What the task requires:
Everything from the "TALKING HEADS: 77" line to the final line of the listing should be written out exactly. Skip the pictures.

Data segment:

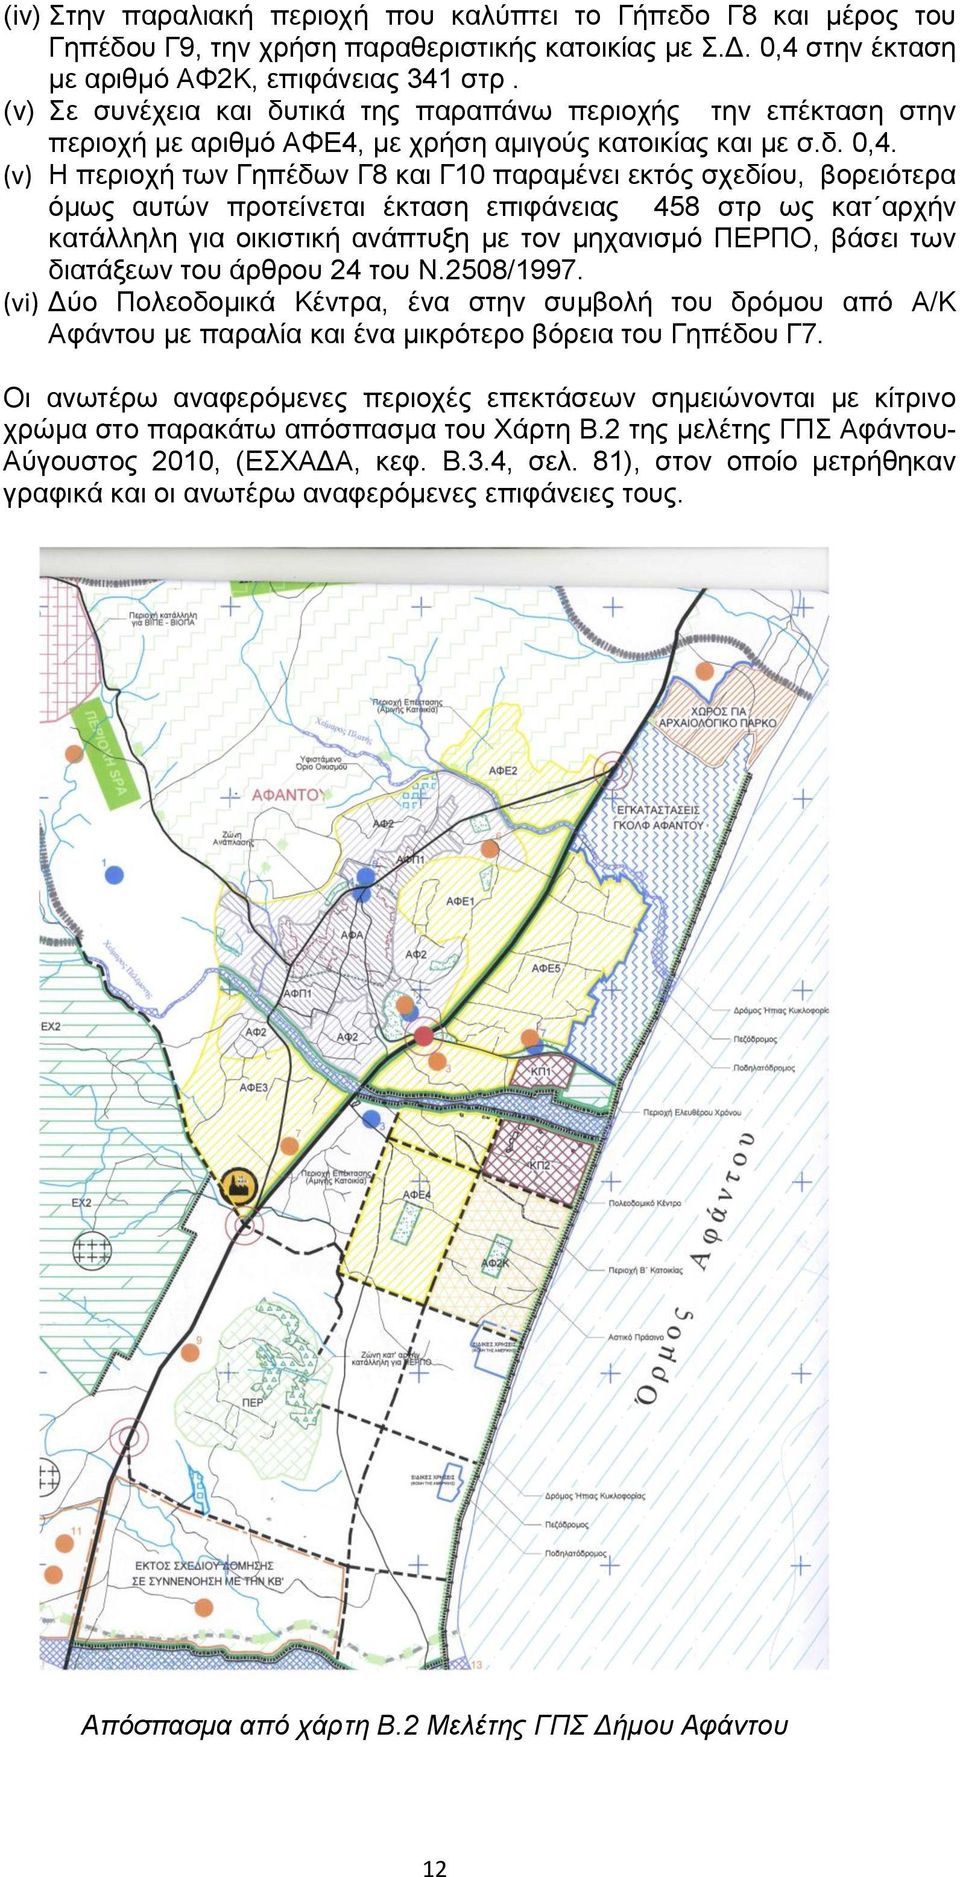 (v) Η περιοχή των Γηπέδων Γ8 και Γ10 παραμένει εκτός σχεδίου, βορειότερα όμως αυτών προτείνεται έκταση επιφάνειας 458 στρ ως κατ αρχήν κατάλληλη για οικιστική ανάπτυξη με τον μηχανισμό ΠΕΡΠΟ, βάσει
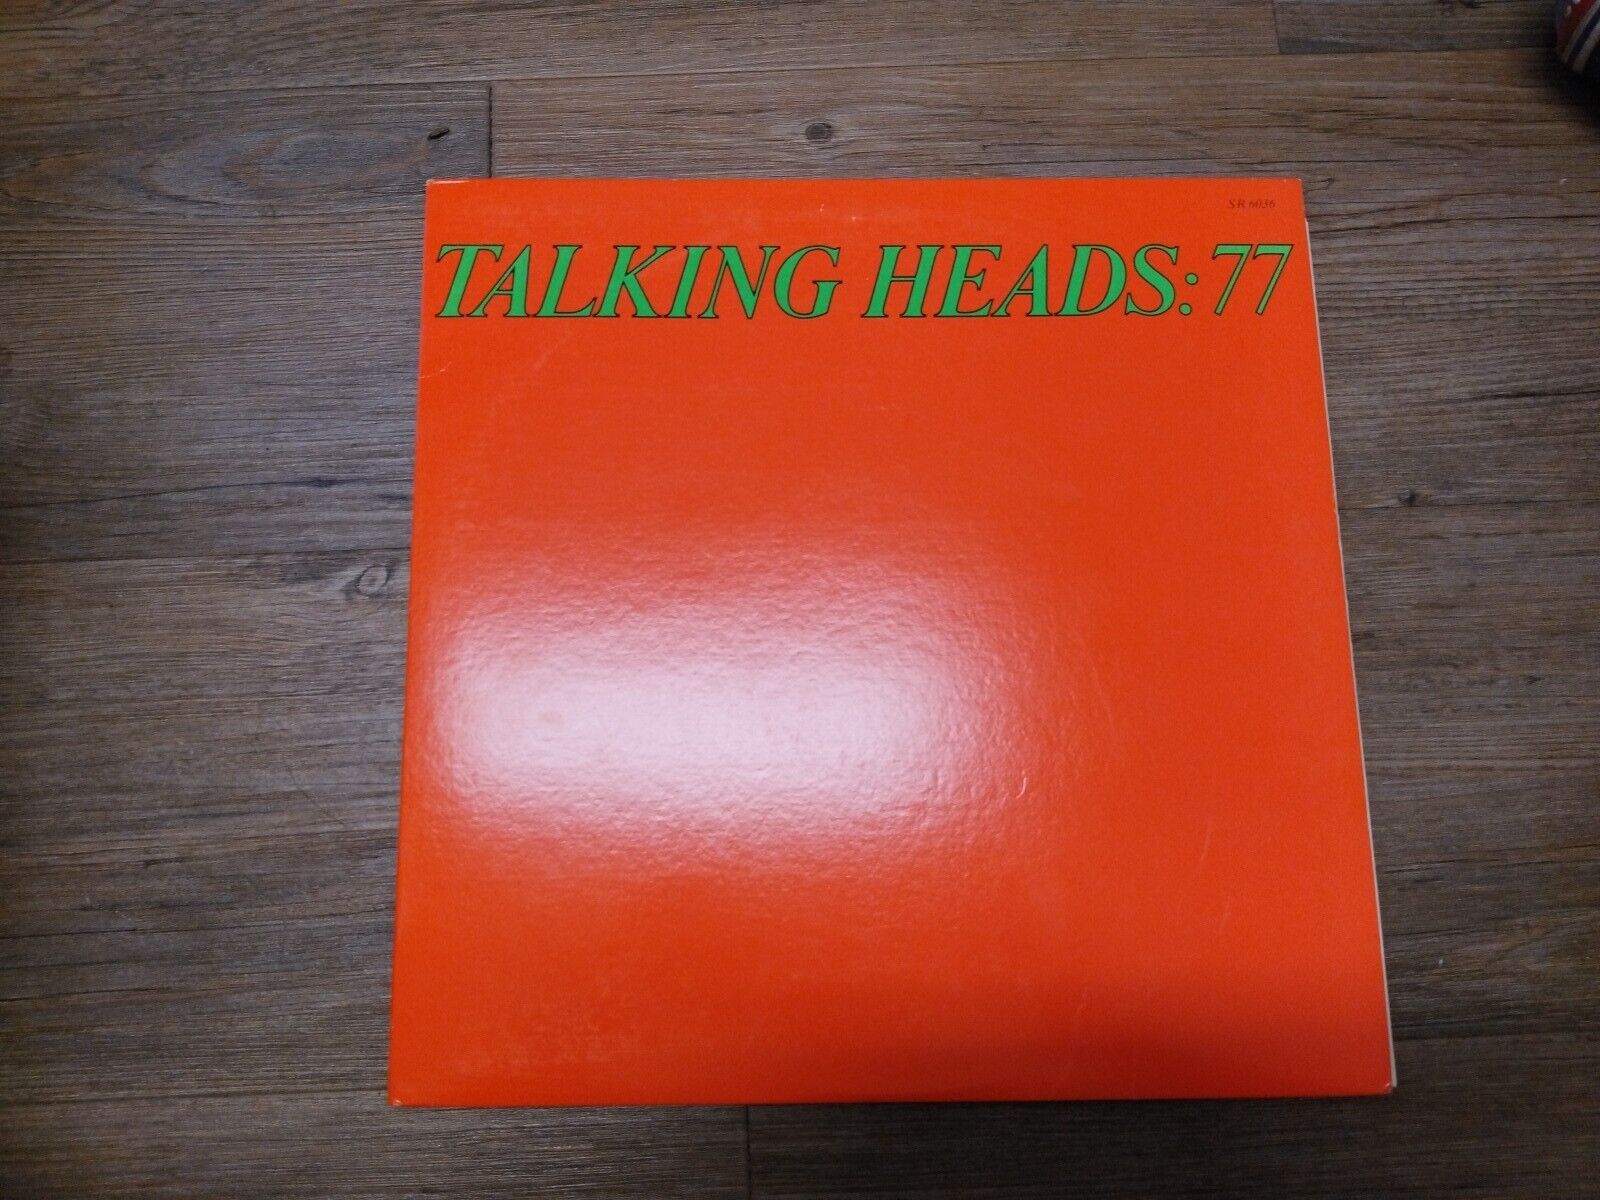 TALKING HEADS: 77  VINYL LP ALBUM   1977  SR 6036
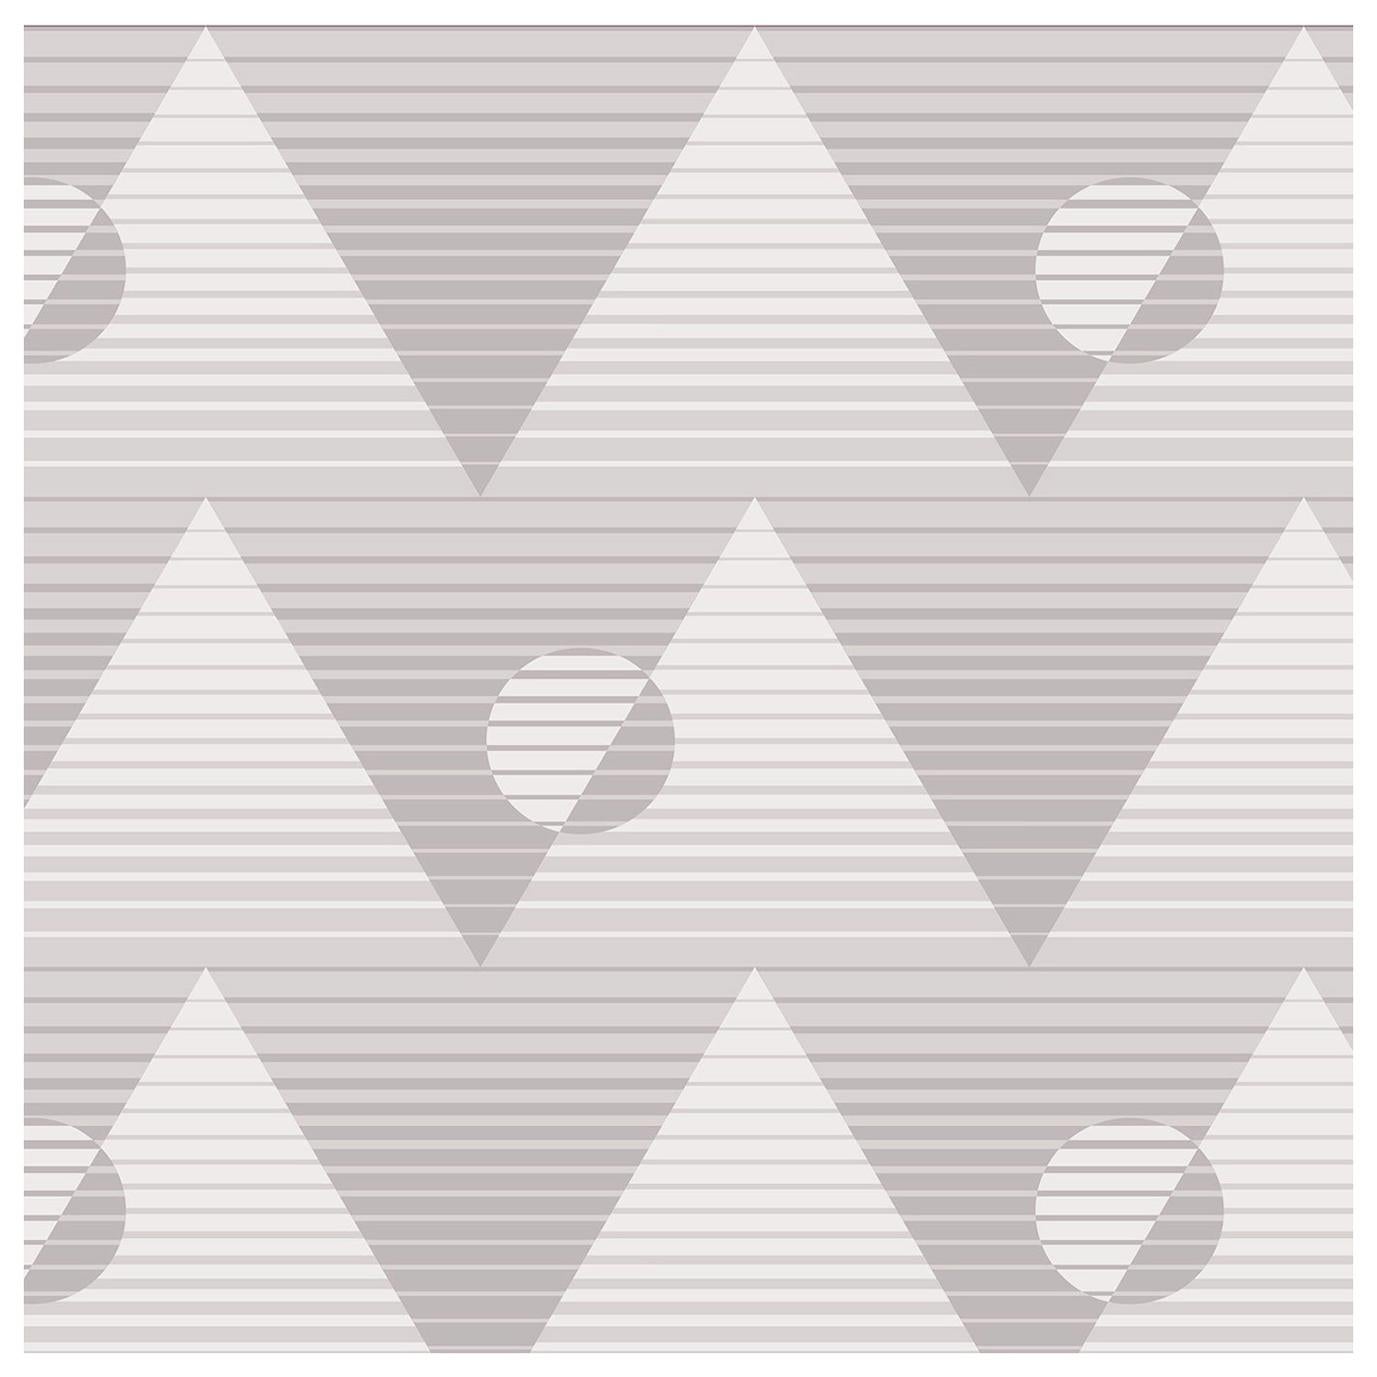 Pyramide du Soleil Designer Wallpaper in Granite 'Warm Grays'

Exercise answer:
 TALKING HEADS: 77  VINYL LP ALBUM   1977  SR 6036
 Pyramide du Soleil Designer Wallpaper in Granite 'Warm Grays'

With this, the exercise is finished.